Ein Handy als Geschenk zum Geburtstag oder zu Weihnachten? Warum nicht?! Vor allem Kinder und Jugendliche wünschen sich zu besonderen Anlässen ein neues Handy. Aber auch für Senioren oder technikbegeisterte Personen ist ein Handy eine tolle Geschenkidee.

Wer ein Handy verschenken möchte, sollte ein paar Dinge beachten.
Für wen ist das Handy gedacht? Dementsprechend sollte die Ausstattung gewählt werden. Soll das Handy ein Geschenk für den Sohn oder die Tochter sein? In diesem Fall sollte ein aktuelles Modell gewählt werden, da Jugendliche Wert auf den aktuellen Trend legen.

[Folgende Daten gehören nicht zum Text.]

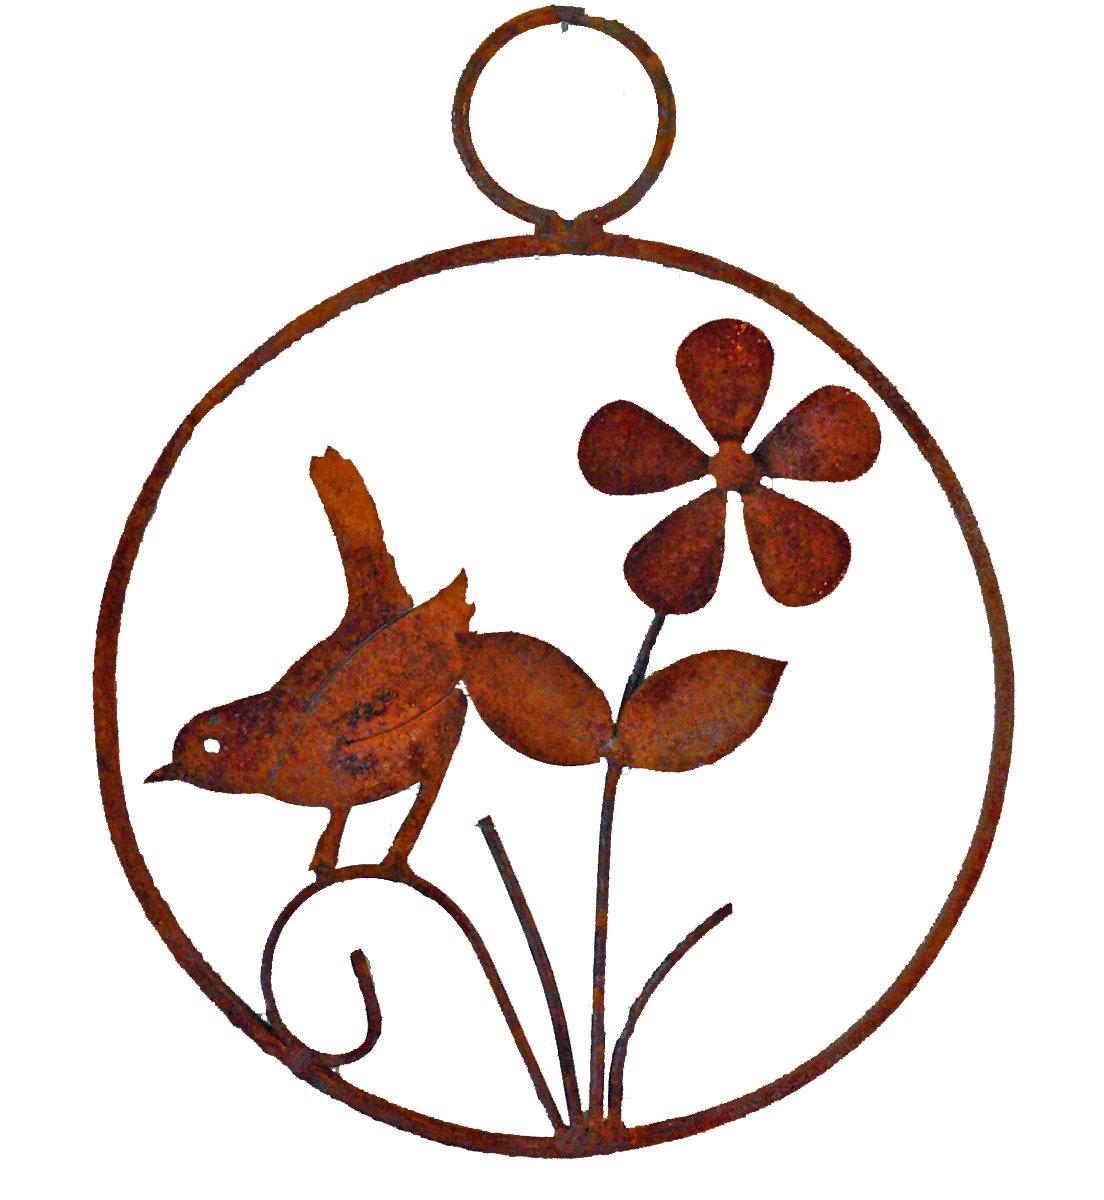 Elegant-Garden-Design-Bird-and-Flower-Wreath-Rusty-Patina

Wenn die Kosten gedeckelt werden sollen, empfiehlt sich ein Prepaid-Tarif, da bei einem gewöhnlichen Vertrag die Kosten schnell außer Kontrolle geraten.
Wird das Handy an eine ältere Person verschenkt, sollte auf die leichte Bedienbarkeit geachtet werden. Große Tasten und ein klares Display sind hier besonders wichtig. Vorinstallierte Spiele und eine große Auswahl an Klingeltönen können in diesem Fall vernachlässigt werden. Im Handel gibt es zahlreiche sogenannte Seniorenhandys, die speziell auf die Bedürfnisse älterer Menschen ausgerichtet sind.
Ist das Handy für den technikbegeisterten Ehemann gedacht, sollte ein möglichst aktuelles Modell geachtet werden. Anbieter wie Apple und HTC haben Modelle auf den Markt gebracht, die Männerherzen höher schlagen lassen. Zahlreiche Apps machen das Handy zu einem Universalwerkzeug und lassen das Telefonieren fast in den Hintergrund rücken.
Generell ist es wichtig auf den Vertrag zu achten, der beim Kauf vieler Handys automatisch abgeschlossen wird. Inzwischen gibt es zahlreiche Vertragsmodelle, die auf das individuelle Telefonverhalten abgestimmt sind. Hier sollten vor Vertragsabschluss ein paar Informationen eingeholt werden, um den Tarif individuell abstimmen zu können.

Mit ein wenig Sorgfalt bei der Auswahl ist ein Handy ein ideales Geschenk für jeden Anlass!